A schematic view of the workflow we will perform in this tutorial is given below:

Workflow representation of this tutorial.

Agenda

In this tutorial, we will cover:

  1. Overview
  2. Obtaining and preparing data
    1. Importing the data into Galaxy
  3. Quality Control
    1. NanoPlot to explore data
  4. De-novo Assembly
    1. Pairwise alignment using Minimap2
    2. Ultrafast de novo assembly using Miniasm
    3. Remapping using Minimap2
    4. Ultrafast consensus module using Racon
    5. Visualize assemblies using Bandage
    6. Optimizing assemblies using Unicycler
  5. Species and plasmids
    1. Prediction of plasmid sequences and classes using PlasFlow
  6. Antibiotic Resistance
    1. Scan genome contigs for antimicrobial resistance genes
    2. CARD database
  7. Conclusion
Comment: Results may vary

Your results may be slightly different from the ones presented in this tutorial due to differing versions of tools, reference data, external databases, or because of stochastic processes in the algorithms.
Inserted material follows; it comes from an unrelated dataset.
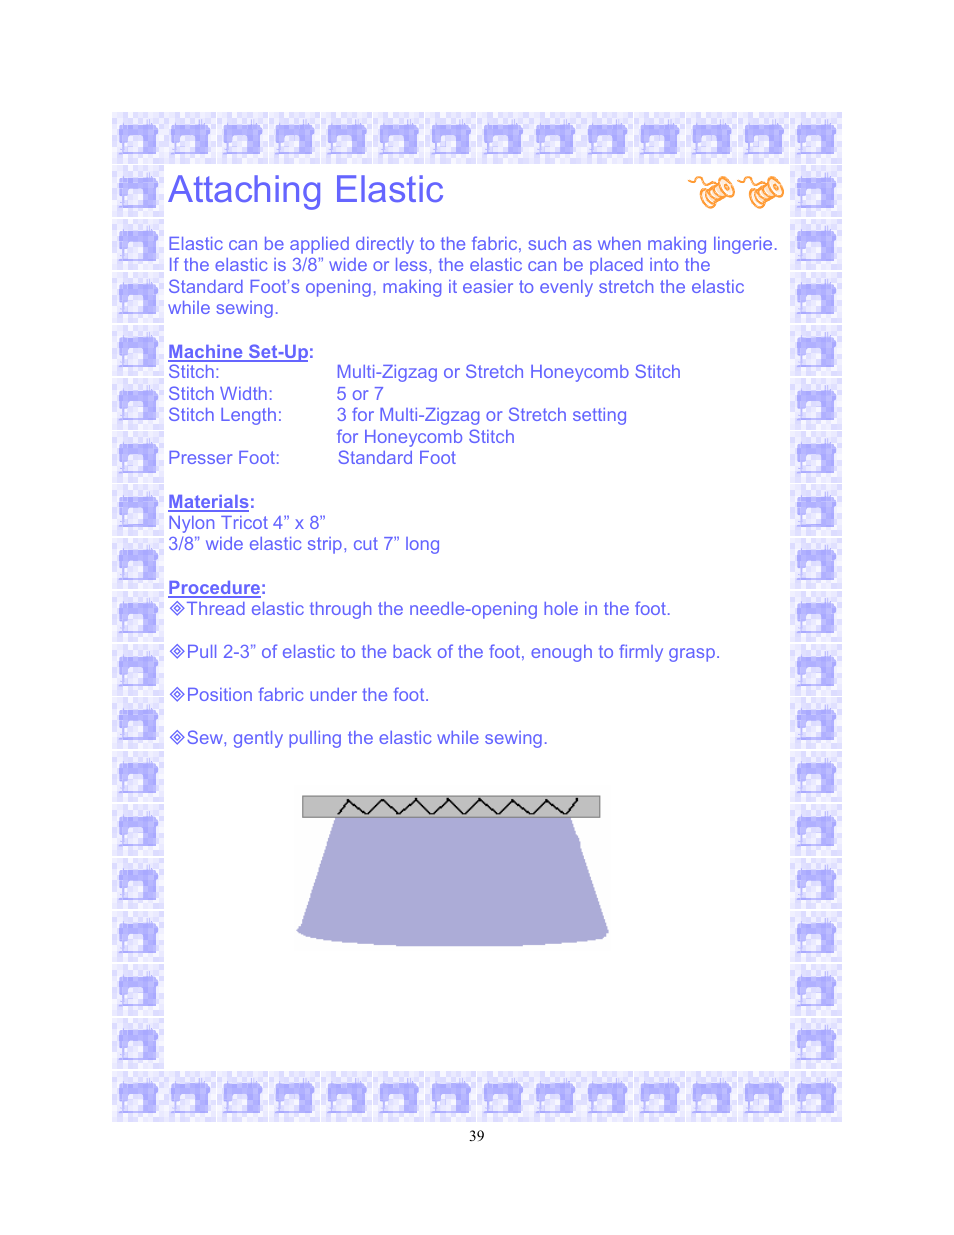 Attaching elastic | SINGER 6550-WORKBOOK Scholastic User Manual | Page 43 / 59
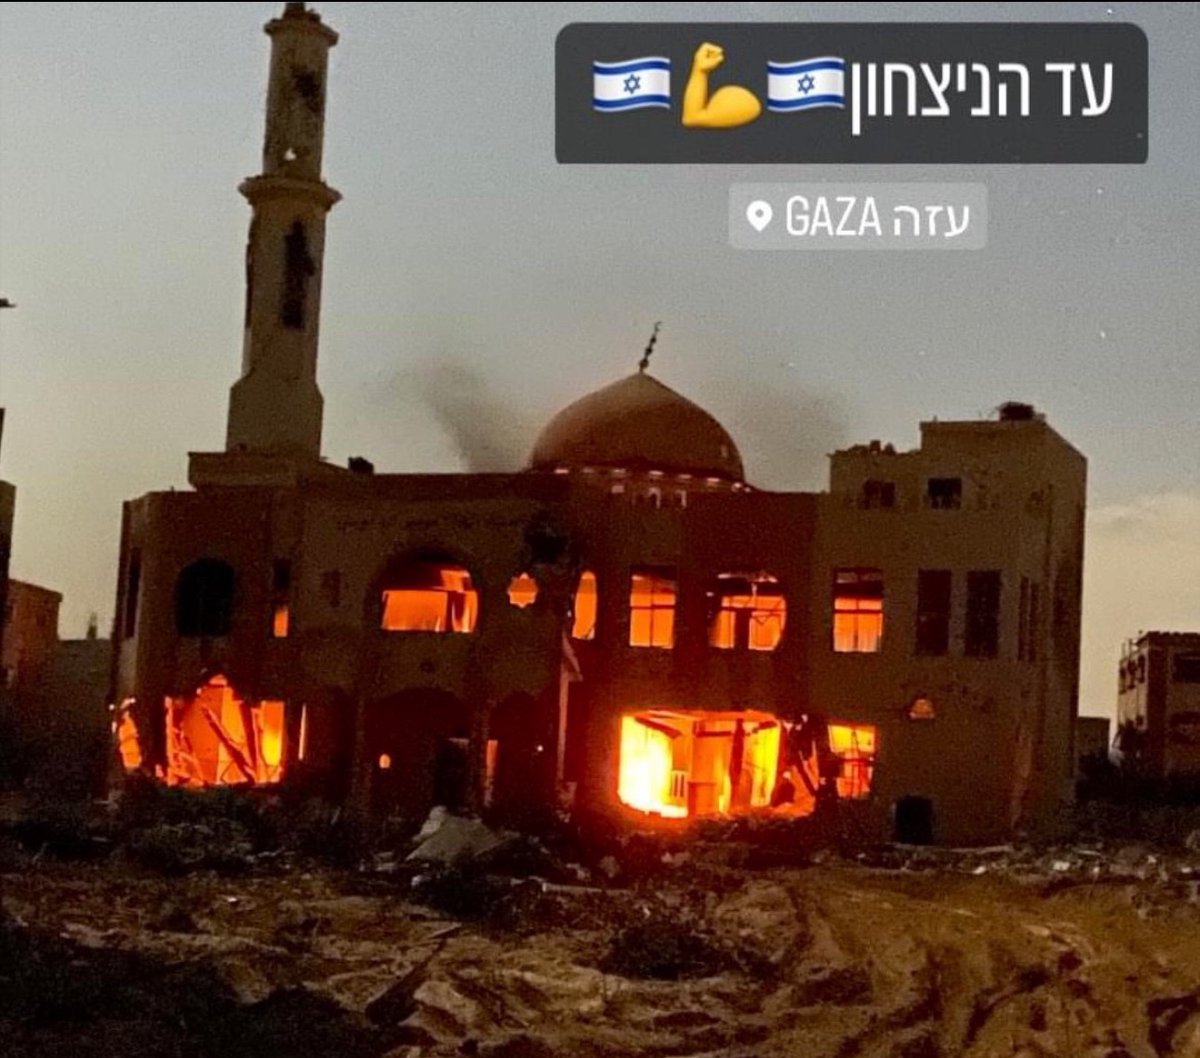 ISRAELIS BURN A MOSQUE AND POST IT ON SOCIAL MEDIA

In this tutorial we use metagenomic Nanopore data, but similar pipelines can be used for other types of datasets or other long-read sequencing platforms.

Obtaining and preparing data

We are interested in the reconstruction of full plasmid sequences and determining the presence of any antimicrobial resistance genes. We will use the plasmid dataset created by Li et al. 2018 for their evaluation of the efficiency of MDR plasmid sequencing by MinION platform. In the experiment, 12 MDR plasmid-bearing bacterial strains were selected for plasmid extraction, including E. coli, S. typhimurium, V. parahaemolyticus, and K. pneumoniae.

Comment: Nanopore sequencing

Nanopore sequencing has several properties that make it well-suited for our purposes

  1. Long-read sequencing technology offers simplified and less ambiguous genome assembly
  2. Long-read sequencing gives the ability to span repetitive genomic regions
  3. Long-read sequencing makes it possible to identify large structural variations

How nanopore sequencing works

When using Oxford Nanopore Technologies (ONT) sequencing, the change in electrical current is measured over the membrane of a flow cell. When nucleotides pass the pores in the flow cell the current change is translated (basecalled) to nucleotides by a basecaller. A schematic overview is given in the picture above.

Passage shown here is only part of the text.